Re: SG nodes fail when starting the multi-node package

Hi

Everything that I have read on this error:

"...ERROR: Could not start veritas stack..."

ends up as an incomplete patched node in the cluster.

ALL NODES MUST BE IDENTICAL.

http://docs.hp.com/en/T2771-90028/ch01s04.html#d0e2254
Support Fatherhood - Stop Family Law
Dima Kouznetsov
Advisor

Re: SG nodes fail when starting the multi-node package

Right now I am just trying to get this setup to work on one server (ie cluster with one node). I made sure that I downloaded the latest patches from the HP website, at this point the only thing I can think of trying is going back to the "recommended" or the older patches instead of the newest patches that I got from the website. Although I don't think that will fix my issue, I'm going to give that a shot.
Dima Kouznetsov
Advisor

Re: SG nodes fail when starting the multi-node package

Ok, FINALLY got it up and working. Here is what was wrong with my setup just in case anyone else runs into this issue:

I went back and checked the install of HP Serviceguard Cluster File System for RAC, and saw that not all of the components got installed, there were some errors during the install. After reading the error messages, the system was missing Base-VxTools-50 and SGeRAC (don't know why it needed it, is that normal???). After installing those two, I went back and reinstalled SGCFS for RAC, and it completed without errors. I also applied all the newest patches for SG, SGCFSRAC, VXVM. The main underlying issue was that VXFEN was failing on system startup. After the complete install and reboot it finally started.

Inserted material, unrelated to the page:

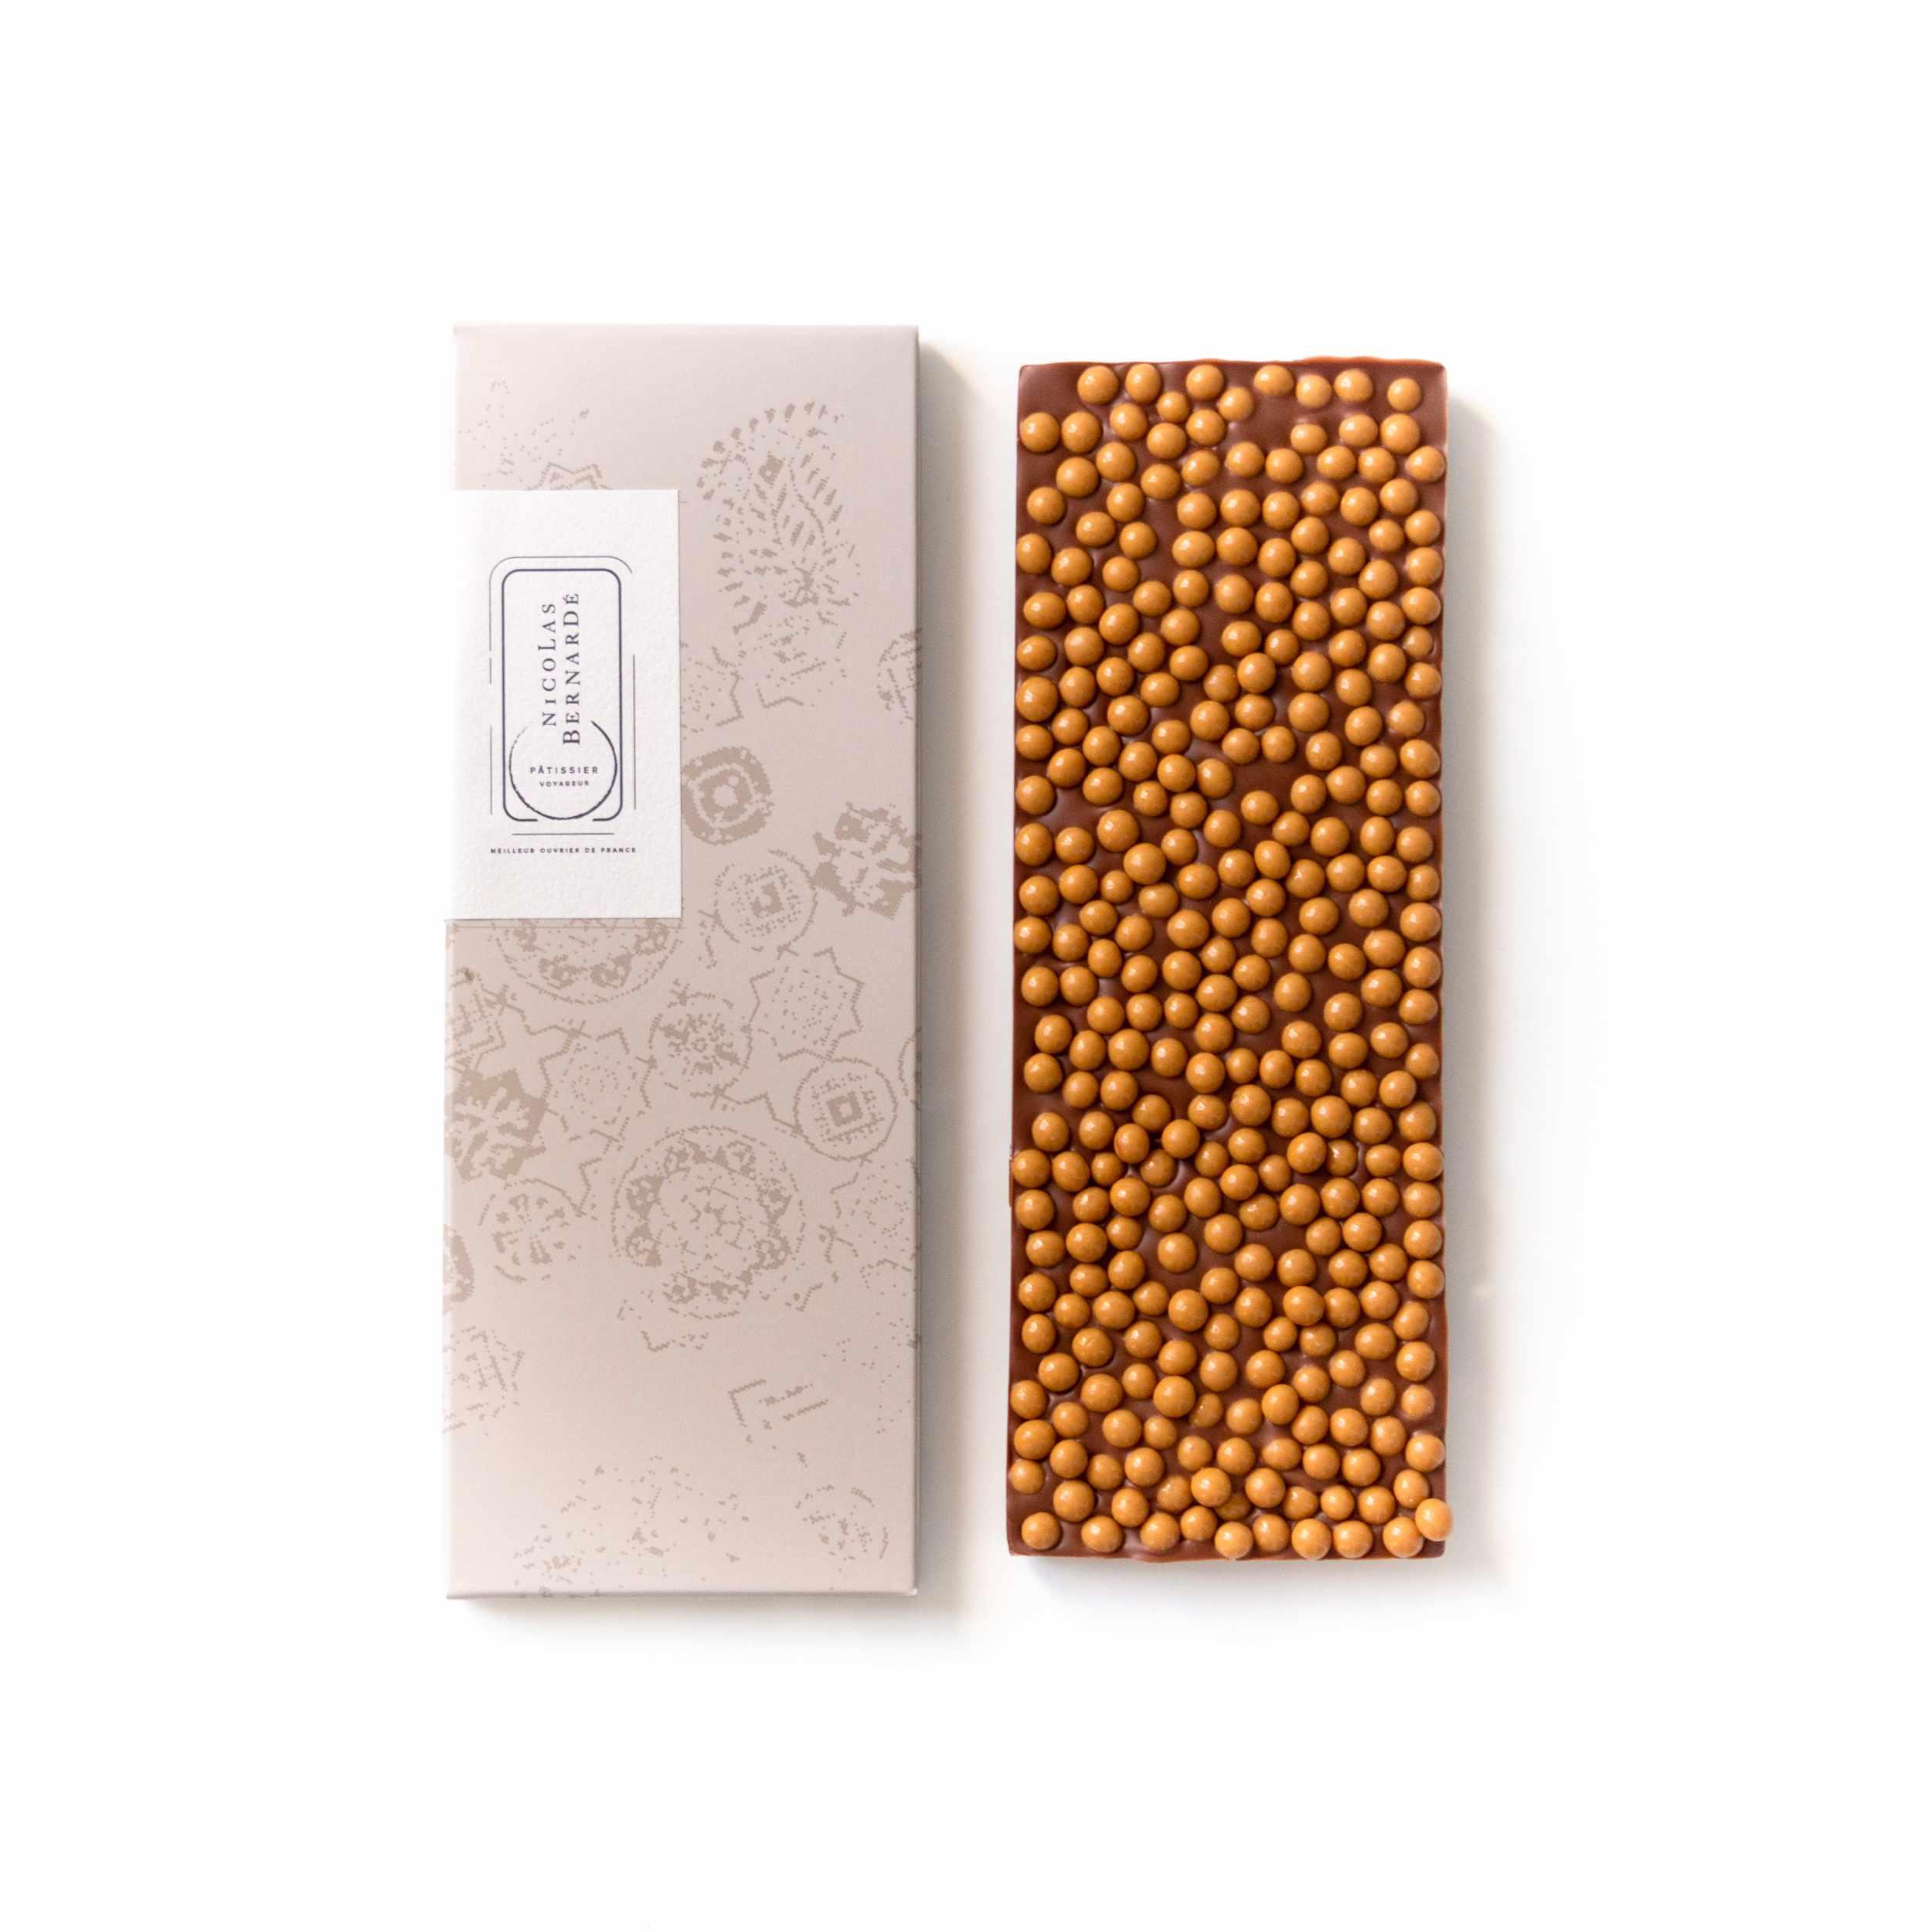 Tablettes de chocolat lait enrichi - Perles croustillantes

Now, right now it is working on one node (but still huge progress), I will need to go and reinstall the second node to match it and then will try to get the two working together. I will close the thread as soon as I have both up and running. Thanks for all the help!

Dima
Dima Kouznetsov
Advisor

Re: SG nodes fail when starting the multi-node package

The patches definitely did the trick, what baffles me is why those patches weren't listed in the SG installation document. Guess they assume certain things about your system before the install.